### ASSIGNMENT
Give back every line of the data exactly. Pictures are not part of the copy.

----- INFORMATION SHOWN -----

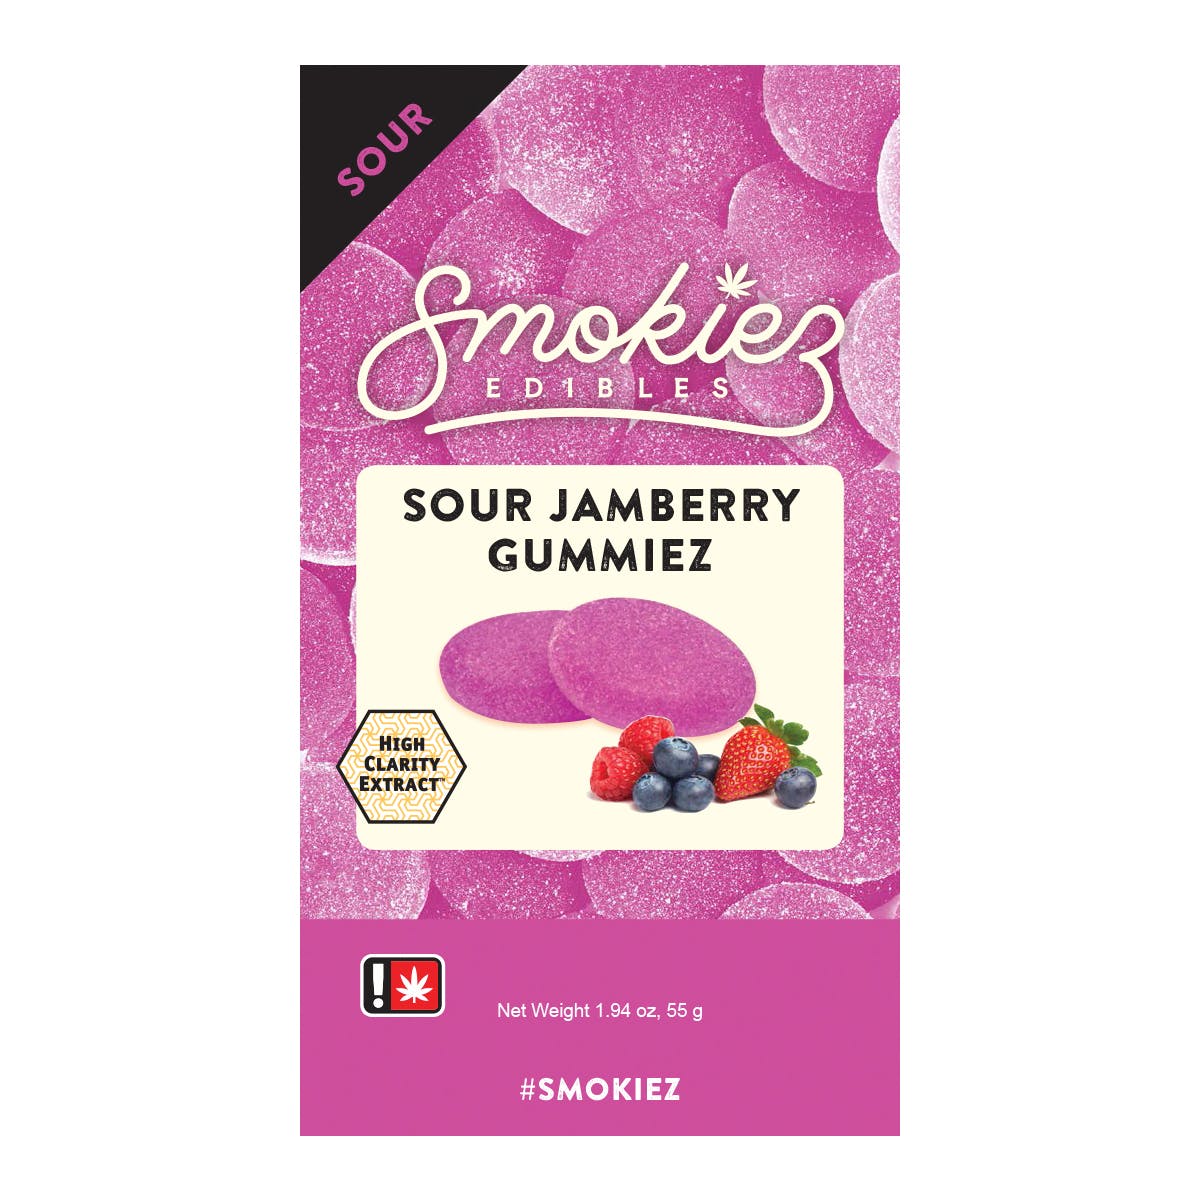 edible-smokiez-edibles-sour-jamberry-gummiez-2c-50-mg
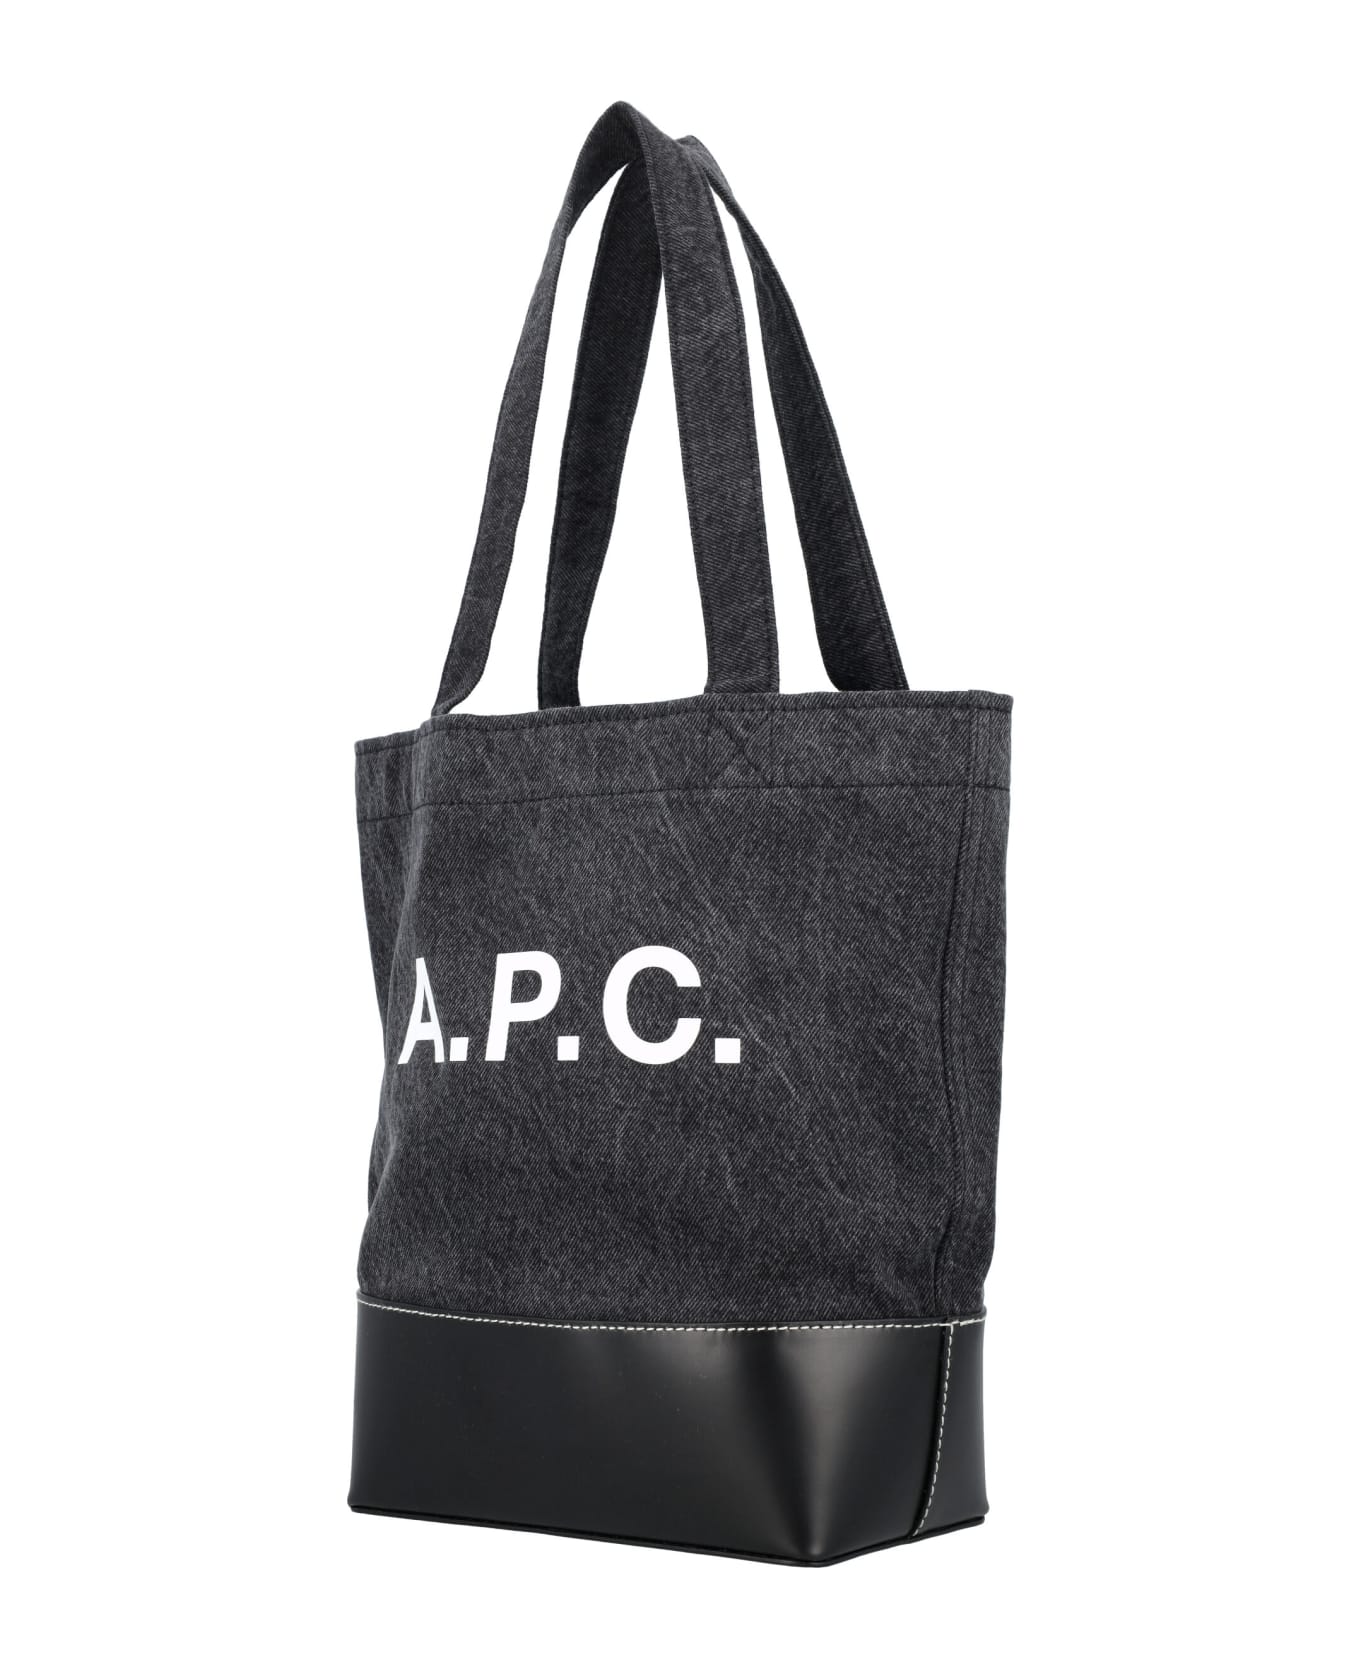 A.P.C. Axel Small Tote Bag - BLACK BLUE
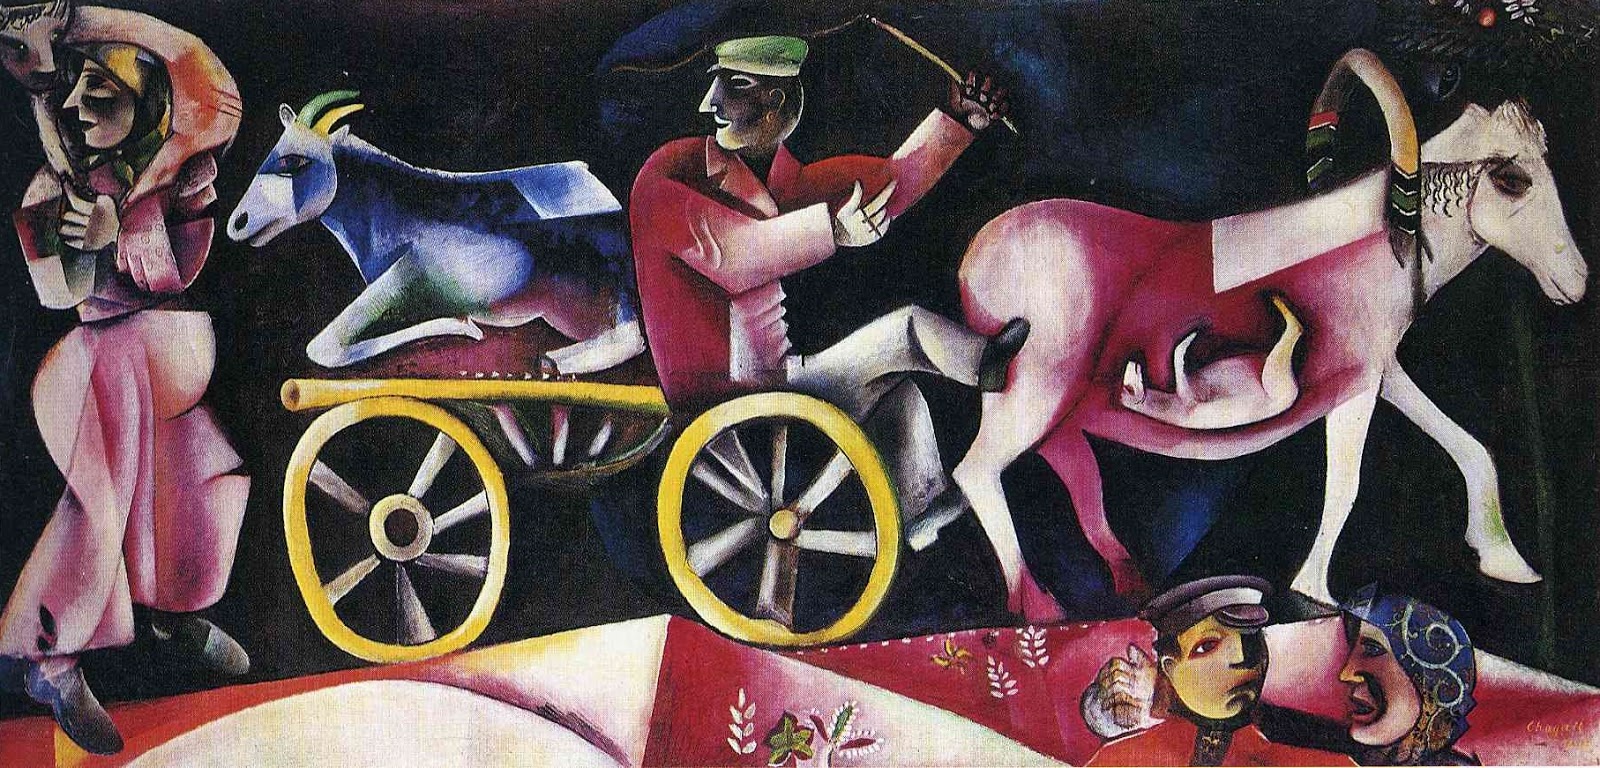 Marc+Chagall-1887-1985 (417).jpg

-----

### TASK RESULT
 edible-smokiez-edibles-sour-jamberry-gummiez-2c-50-mg
 A.P.C. Axel Small Tote Bag - BLACK BLUE
 Marc+Chagall-1887-1985 (417).jpg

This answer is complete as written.